WHAT THE TASK REQUIRES ->
Write out the records word for word, with no pictures.

INFORMATION SUPPLIED ->
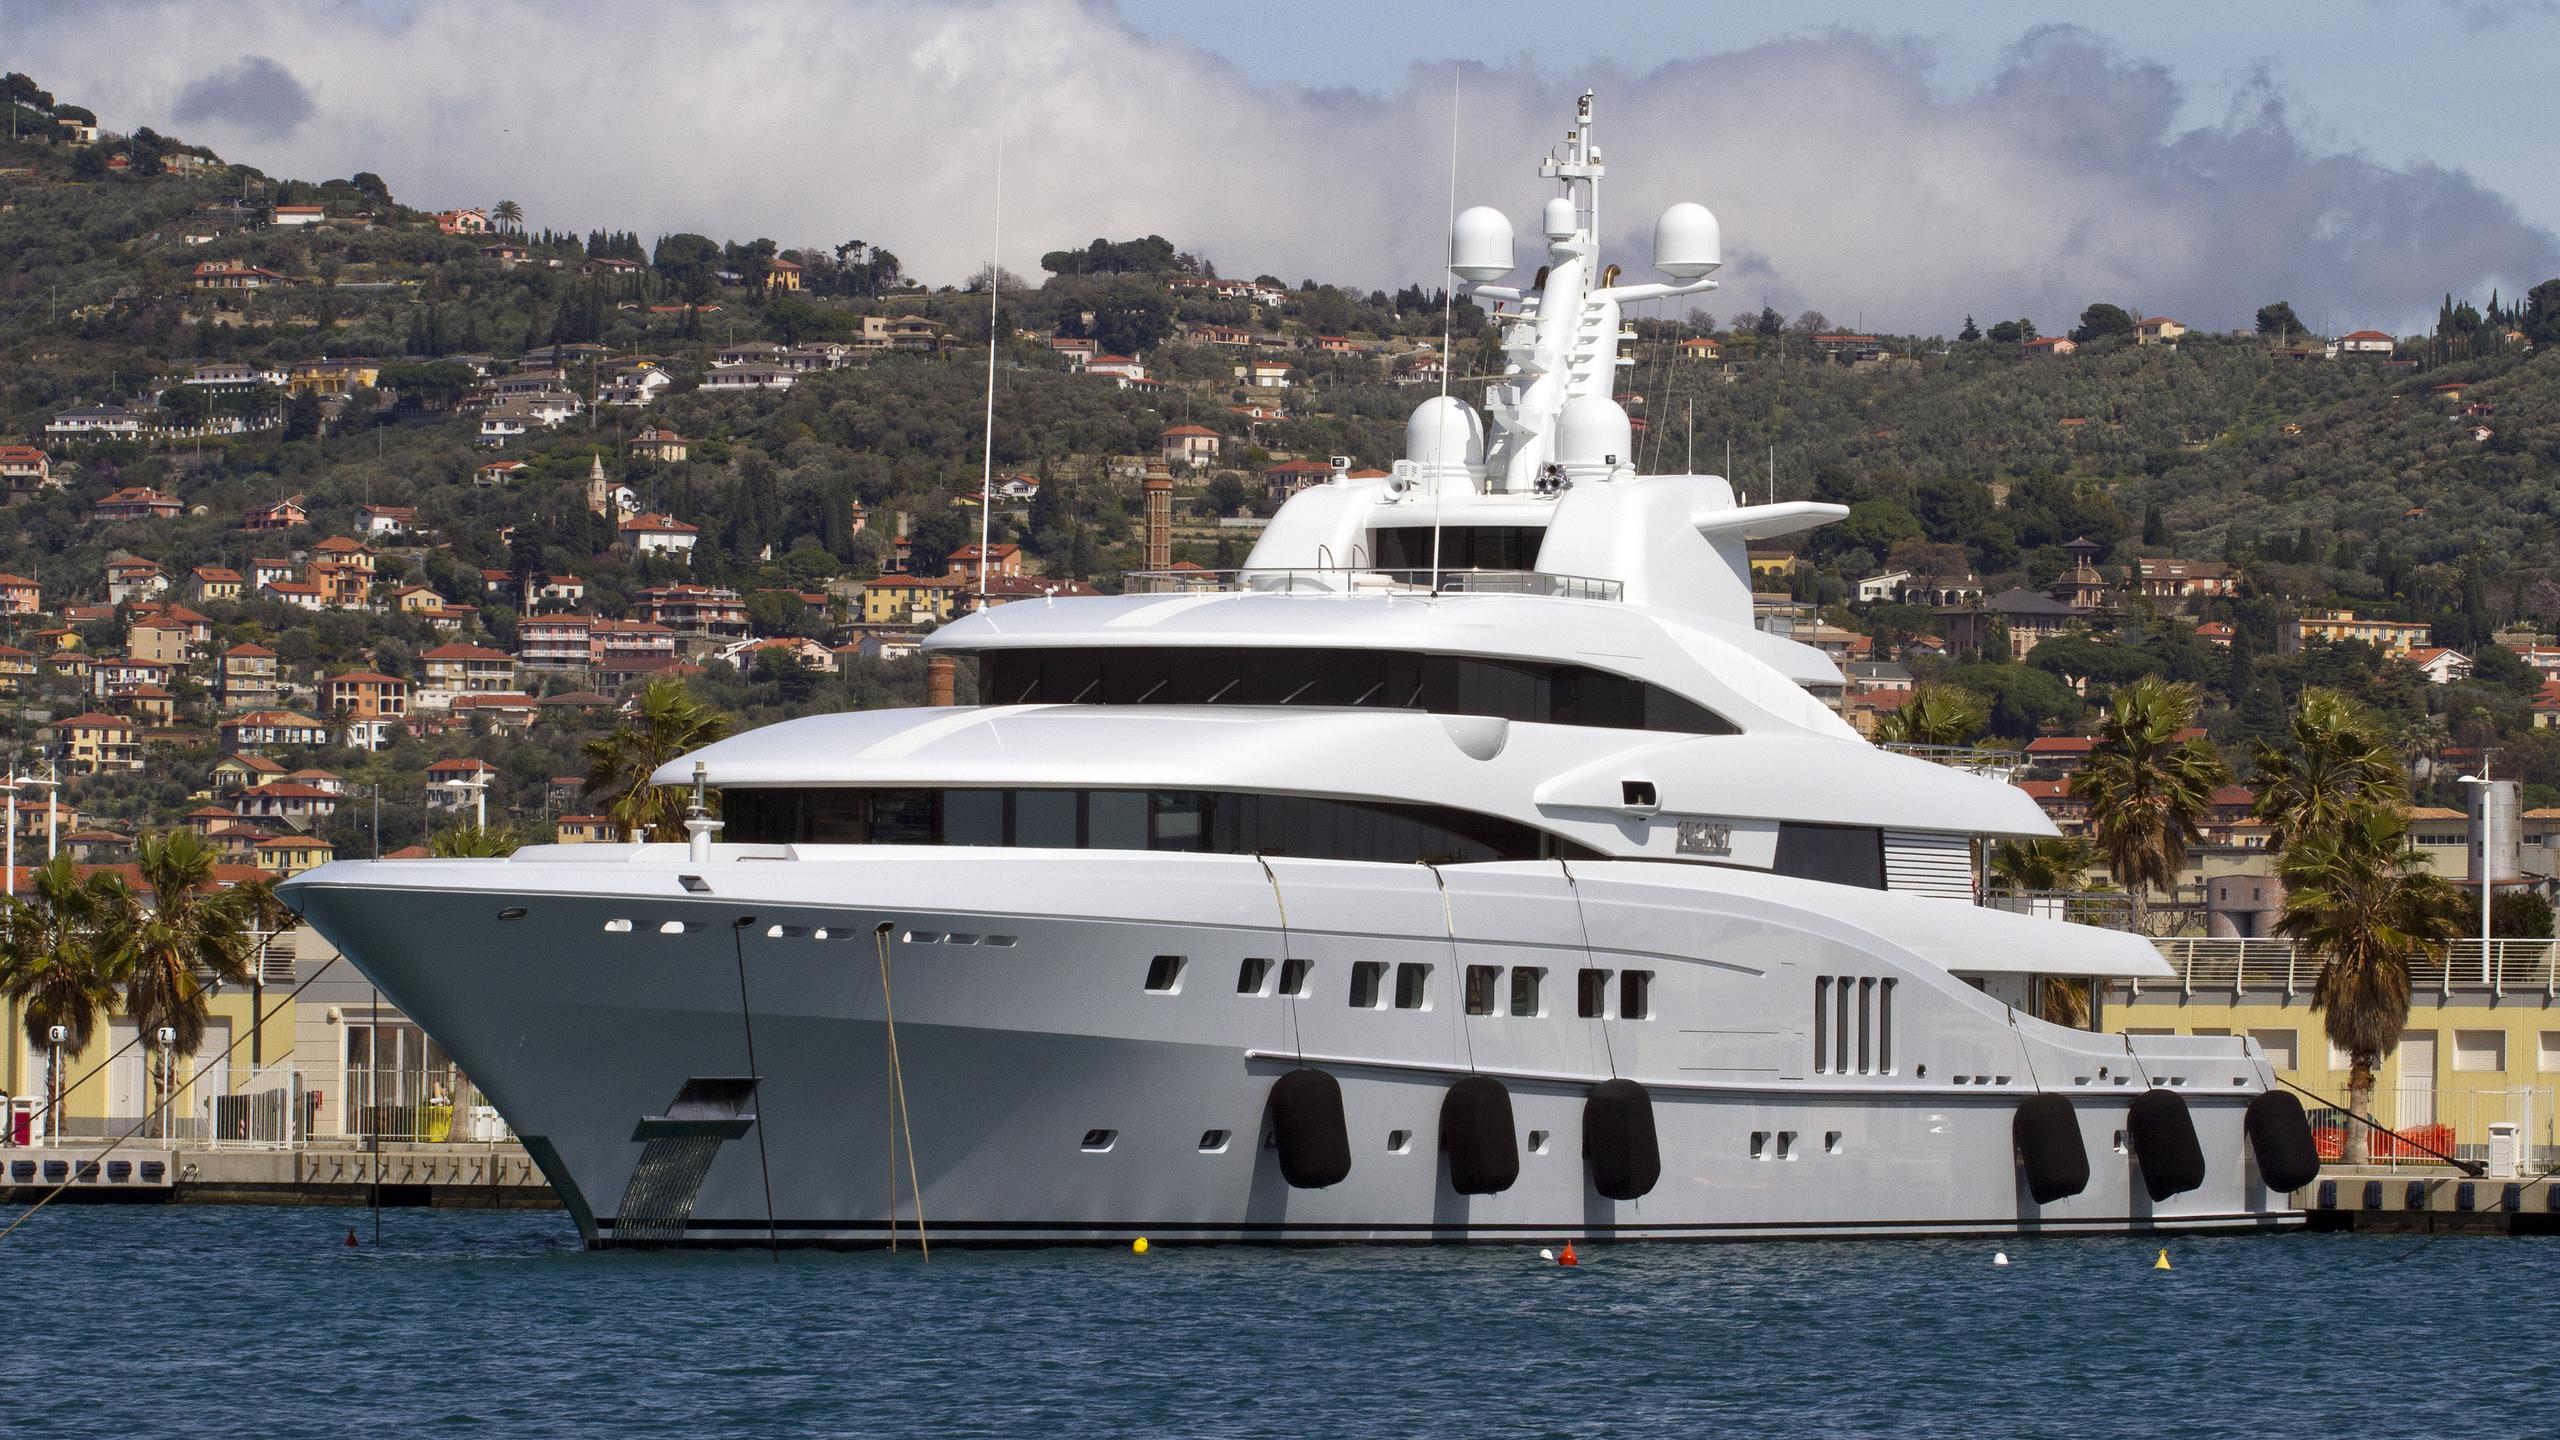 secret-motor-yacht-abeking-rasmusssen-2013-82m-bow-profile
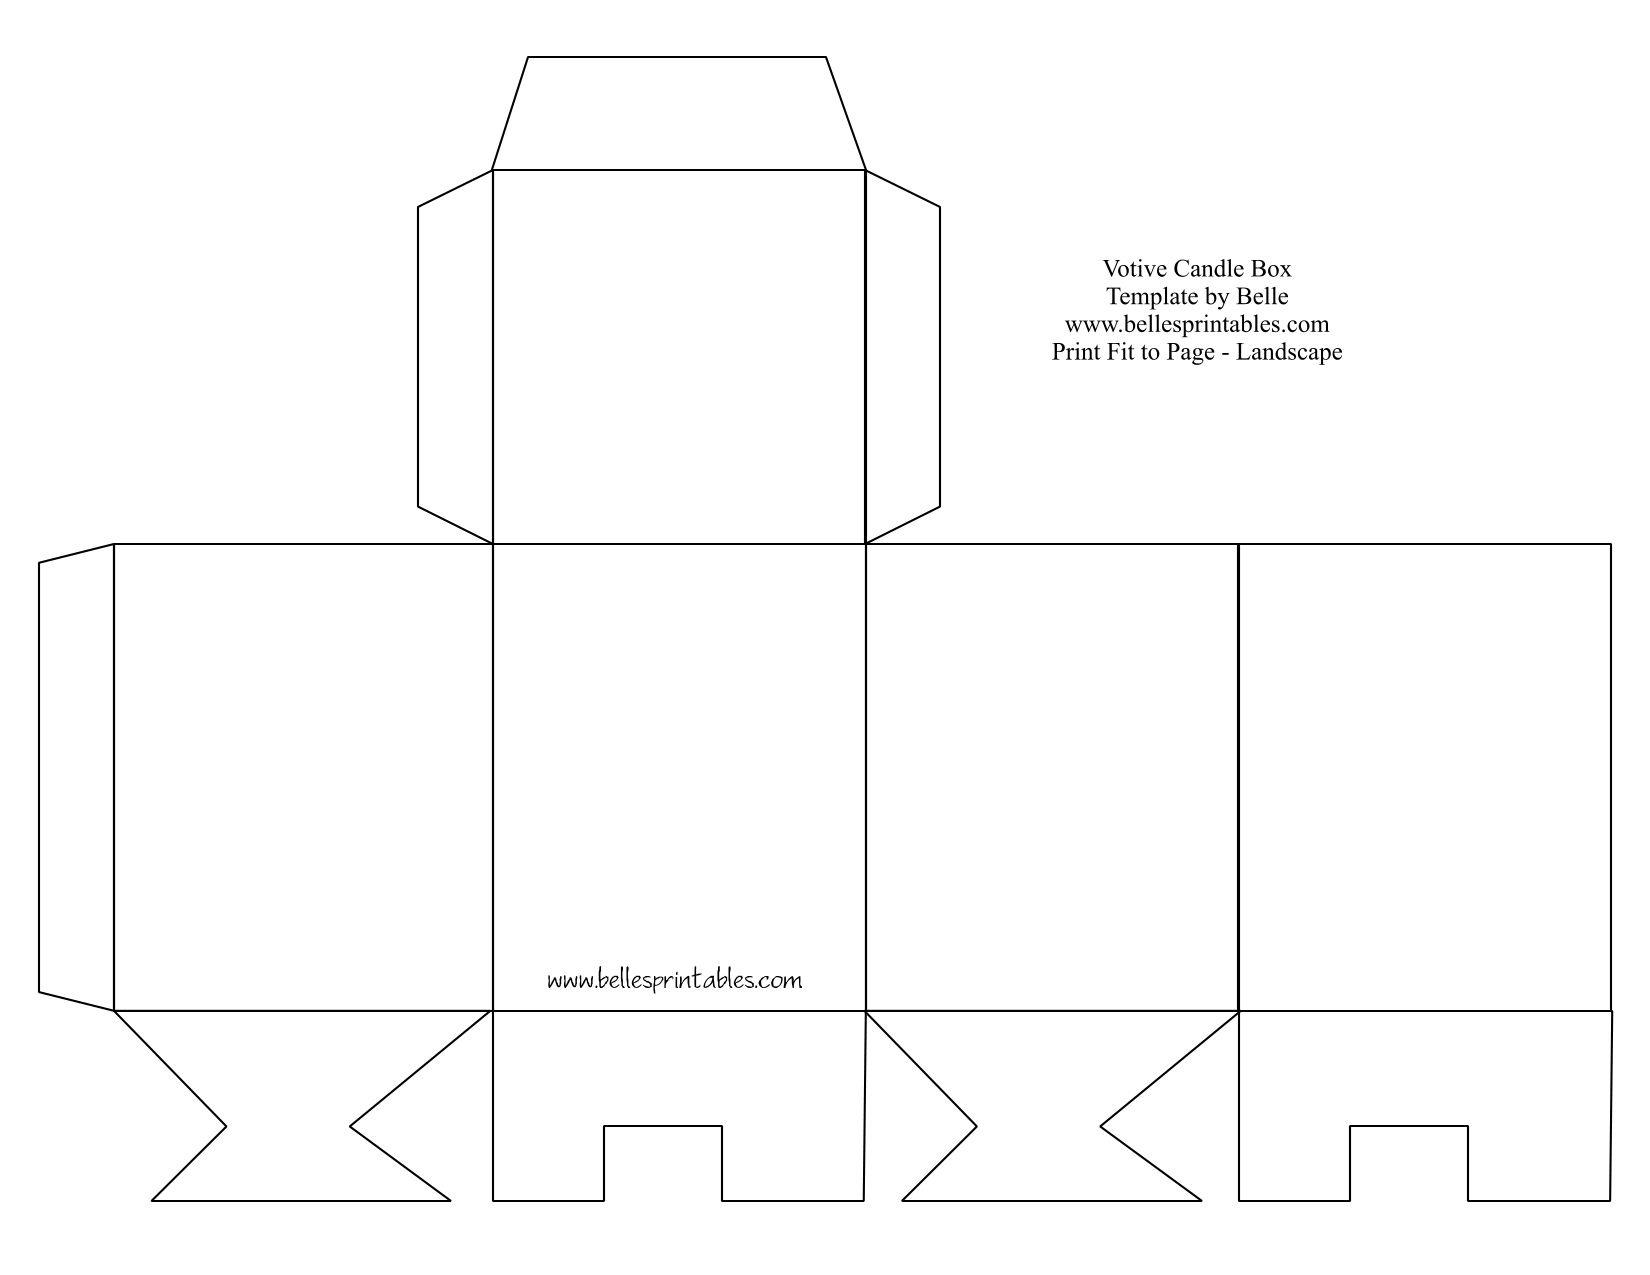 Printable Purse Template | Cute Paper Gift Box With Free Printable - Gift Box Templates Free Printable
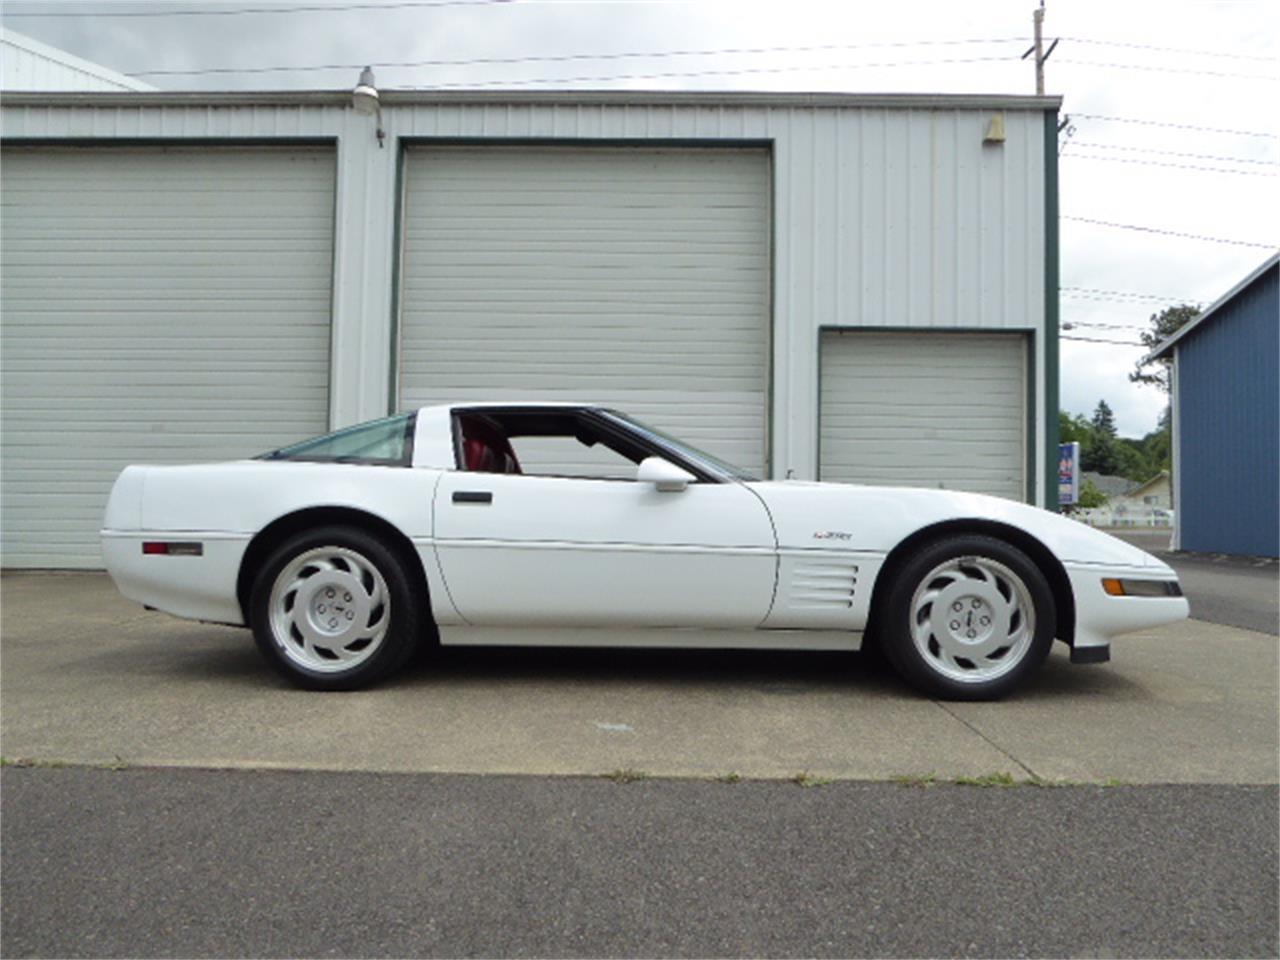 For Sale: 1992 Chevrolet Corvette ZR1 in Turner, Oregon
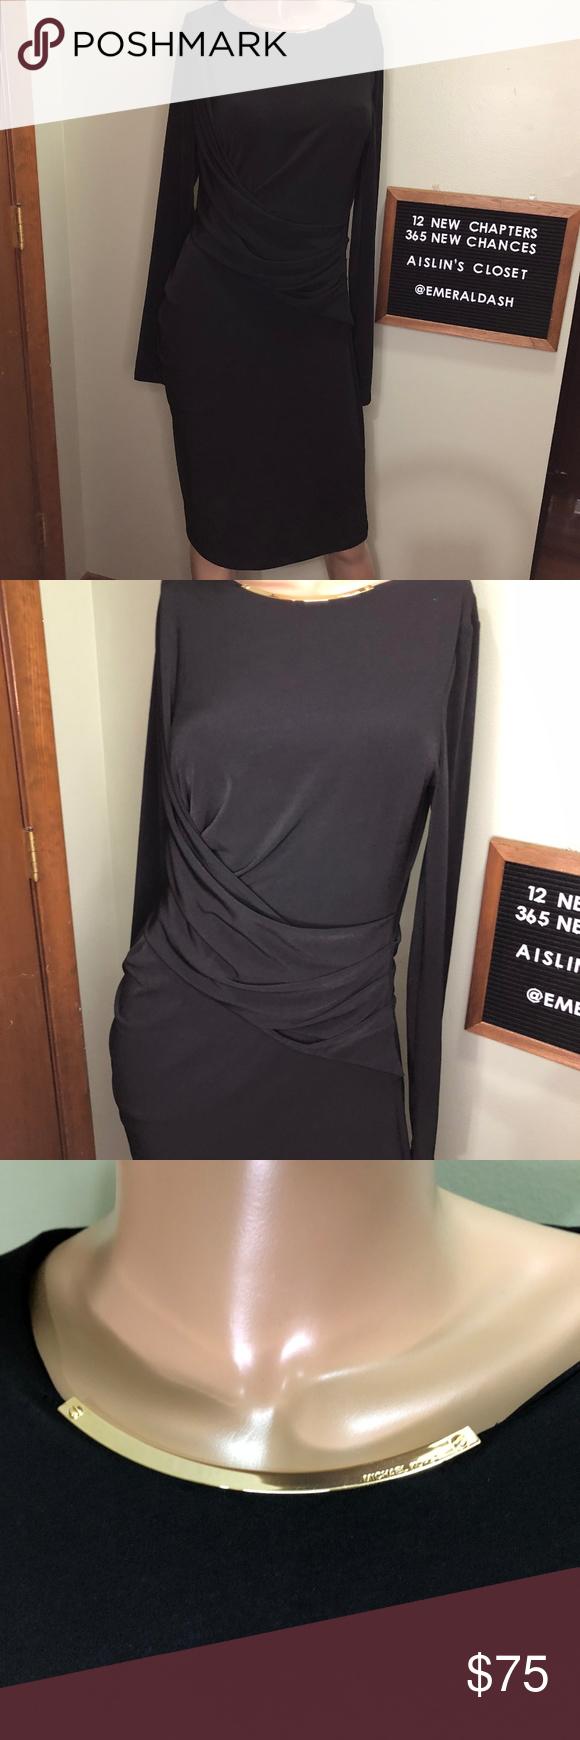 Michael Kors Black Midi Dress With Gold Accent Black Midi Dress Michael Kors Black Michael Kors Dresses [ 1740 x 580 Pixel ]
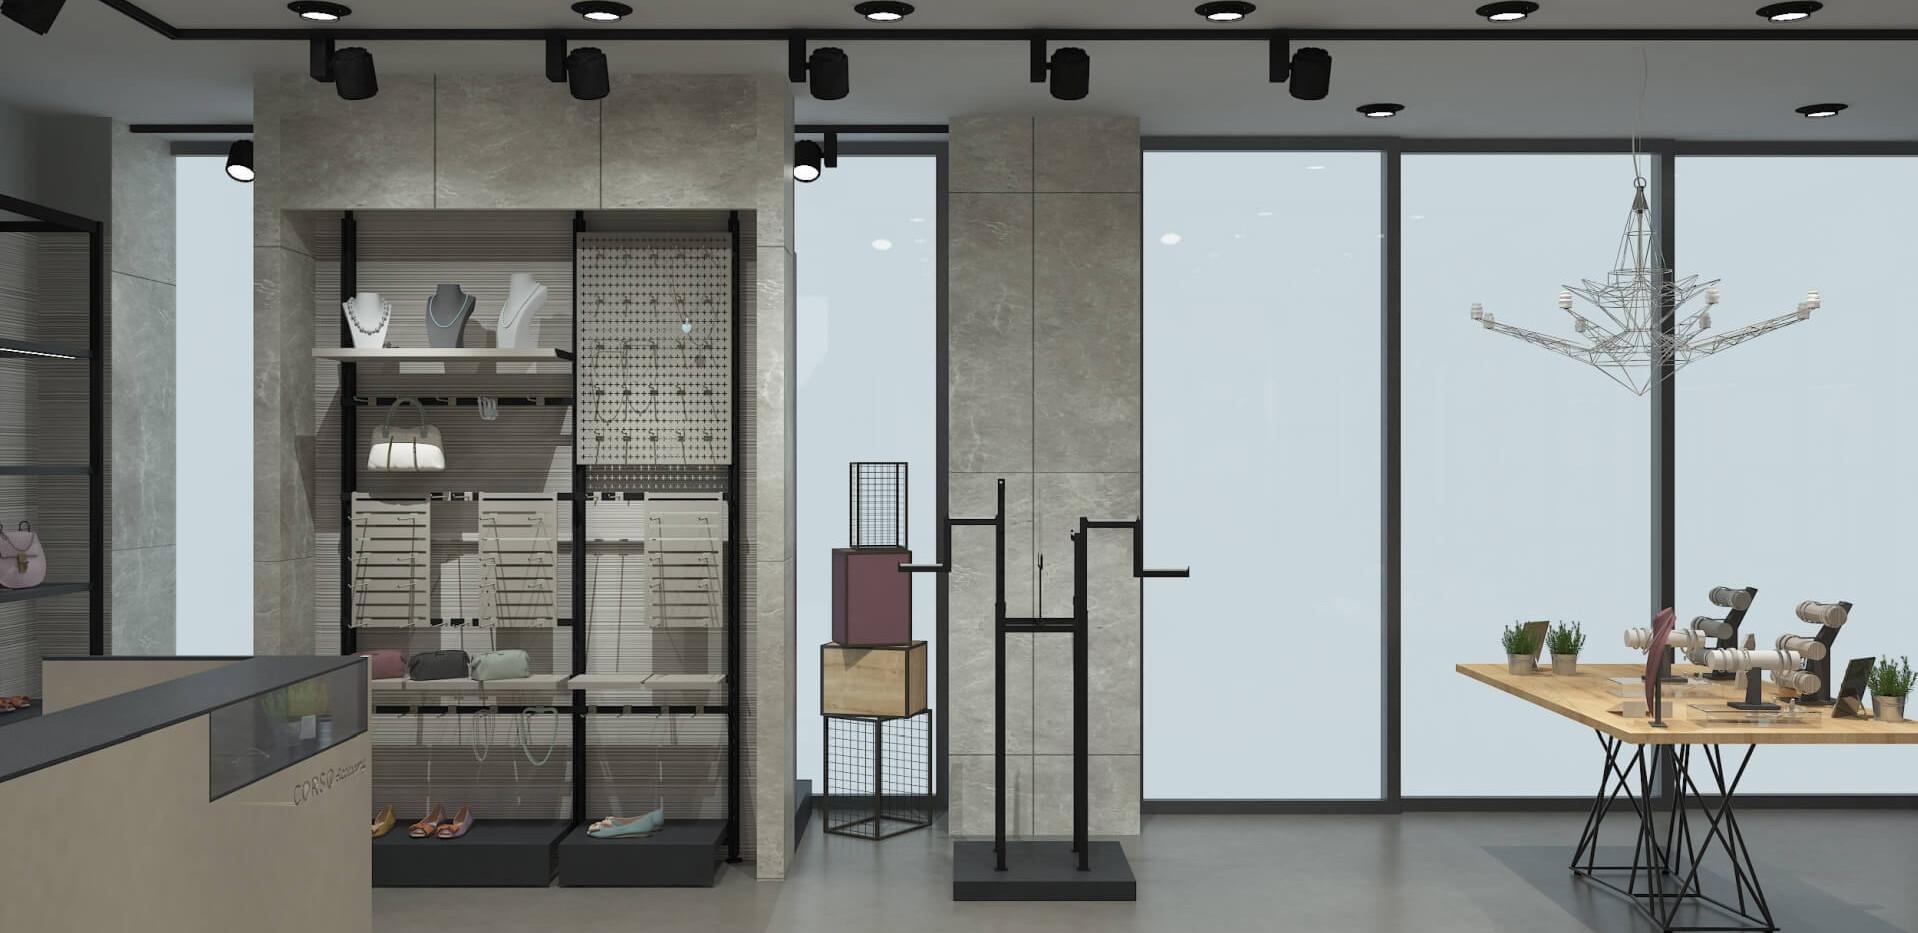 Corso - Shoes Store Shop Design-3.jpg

ANSWER TO THIS PROBLEM ->
 secret-motor-yacht-abeking-rasmusssen-2013-82m-bow-profile
 Printable Purse Template | Cute Paper Gift Box With Free Printable - Gift Box Templates Free Printable
 For Sale: 1992 Chevrolet Corvette ZR1 in Turner, Oregon
 Michael Kors Black Midi Dress With Gold Accent Black Midi Dress Michael Kors Black Michael Kors Dresses [ 1740 x 580 Pixel ]
 Corso - Shoes Store Shop Design-3.jpg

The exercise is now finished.